In this case there often isn’t time or resources to deploy many times during the testing cycles. Here administrators often try to automate with scripts and configuration tools available, but the slightest mistake is often fatal. A standardised and well-tested deployment capability is key to avoiding these kinds of issues.

3. Abstracted deployment models

Every application an enterprise uses goes through a lifecycle of development, functional testing, integration and load testing, and finally production rollout. With each stage, the application is put on a different set of servers. The trouble here is these environments are many times larger and more complex in terms of hardware, operating systems and even the application infrastructure stack. It is not uncommon for an application to be developed with JBoss on Windows at the developer’s station and end up in production, executing under Weblogic on Linux, for example.

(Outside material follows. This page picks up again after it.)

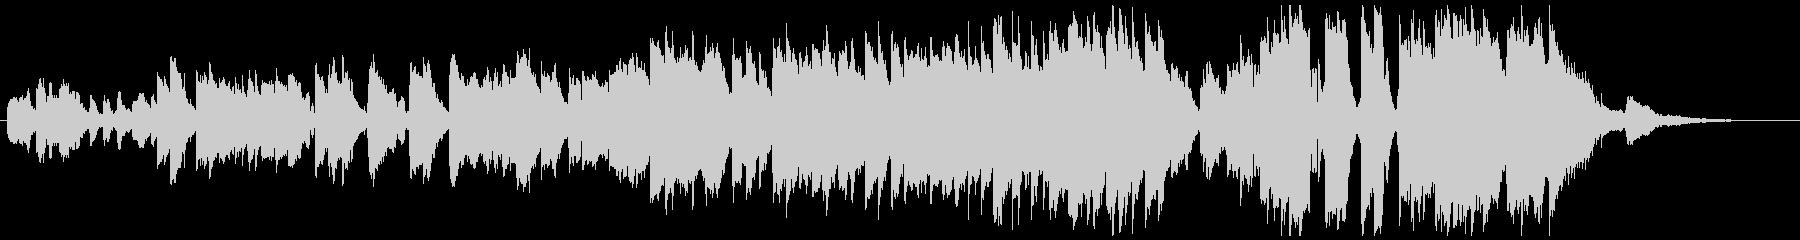 ホルスト「木星」鍵ハモとピアノの二重奏の未再生の波形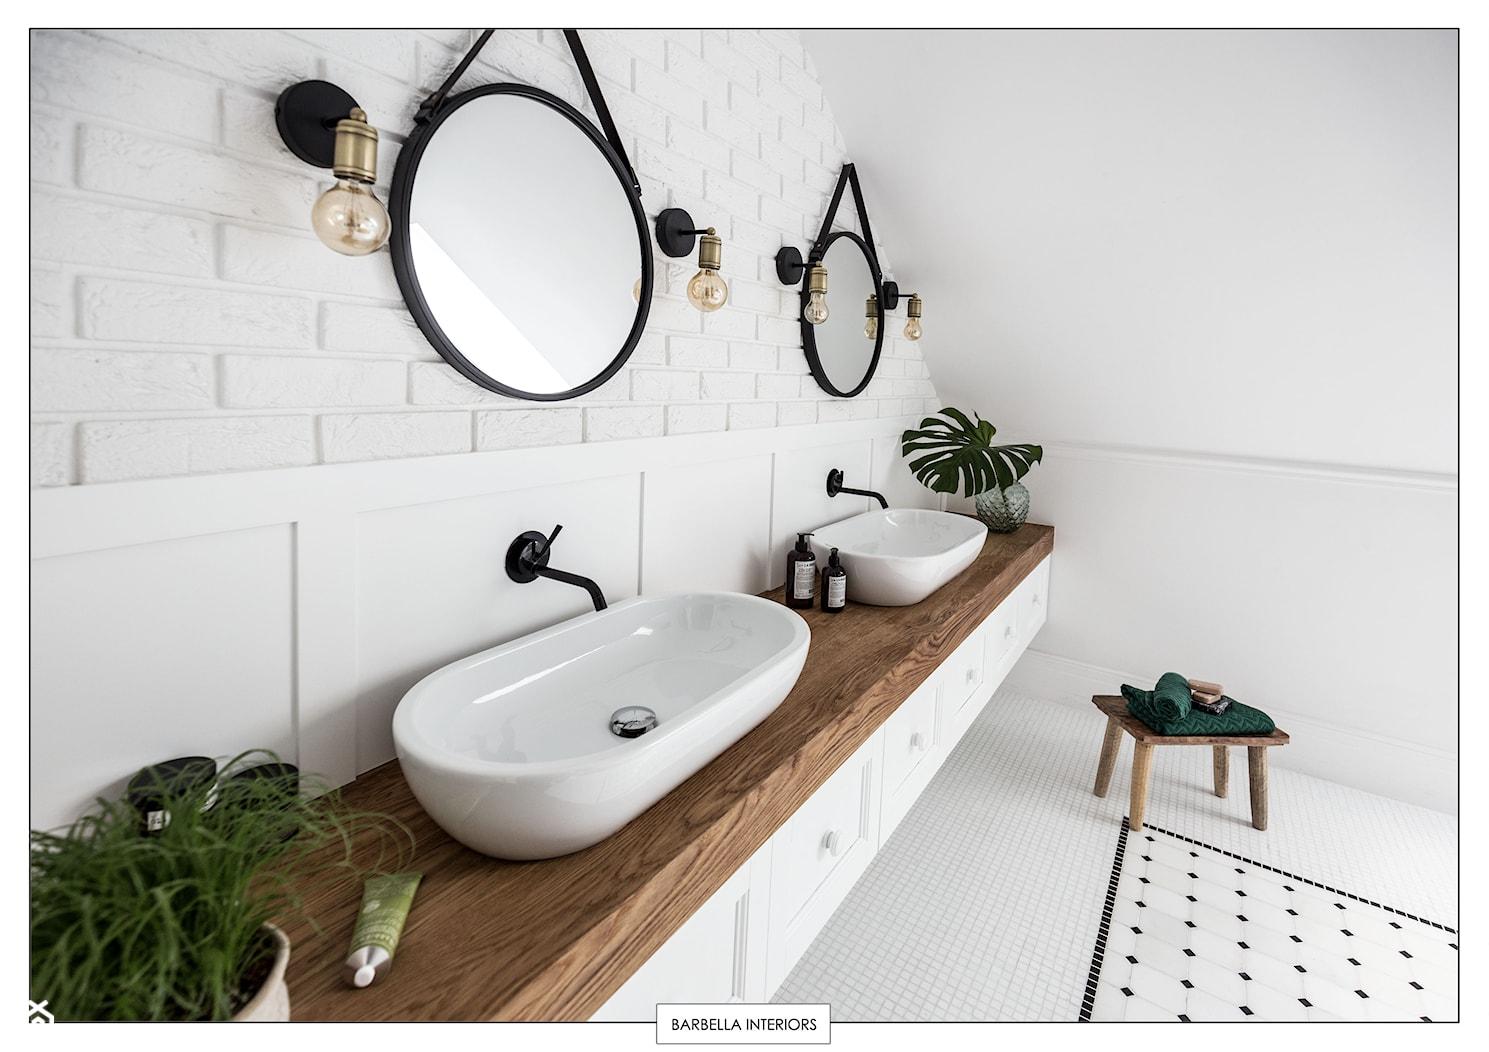 sesja fotograficzna domu pod Warszawą - Duża biała łazienka na poddaszu jako salon kąpielowy, styl eklektyczny - zdjęcie od BARBELLA INTERIORS ( dawniej 5tud10 architektoniczne) - Homebook

The implementation of an abstracted deployment model is important to ensure that even subtle differences in deployment don’t negatively impact the operation.

4. Snapshot validation stage

Every update to an application creates a new baseline of configuration, in terms of artifact versions, as well as values continuously updated, as part of many deployment processes.

Connection pool sizes and other configurations for example may or may not become mission-critical with the next deployment, but this may not be a risk worth taking. Validating the state of an application, file numbers, and the exact version in each directory, as well as configuration values in key configuration files, can mean the difference between success and outage. Emergency patches are a real weak point here as they tend to “disappear” with new versions and sometimes cause repeated outages that can take a long time to dissect.

A baseline snapshot at the beginning and end of each new update can resolve many potentially serious issues from occurring.

5. Ability to automatically rollback in time

Perhaps the best piece of advice for when things go wrong in a product environment is to undo whatever has changed and rollback to the previous version. However this can be a very challenging task, particularly in a long and complex update process.

Navigating instructions manually can take too long and in a high pressure environment this can lead to greater damage. As scripts are often used to perform high volume changes, things become impossible to reverse and rollback scripts do not exist. This critical capability can be a “lifesaver” for an institution.

As seen, there are a number of factors which must be considered but agility in new deployment is the biggest consideration – it is not just about software complexity. Extremely complex financial applications work well provided they are untouched. Often the deployment and release processes can be the root of problems and these five considerations all relate to the importance of a purpose-built application and standardised solution to offer the ability to adapt to change efficiently.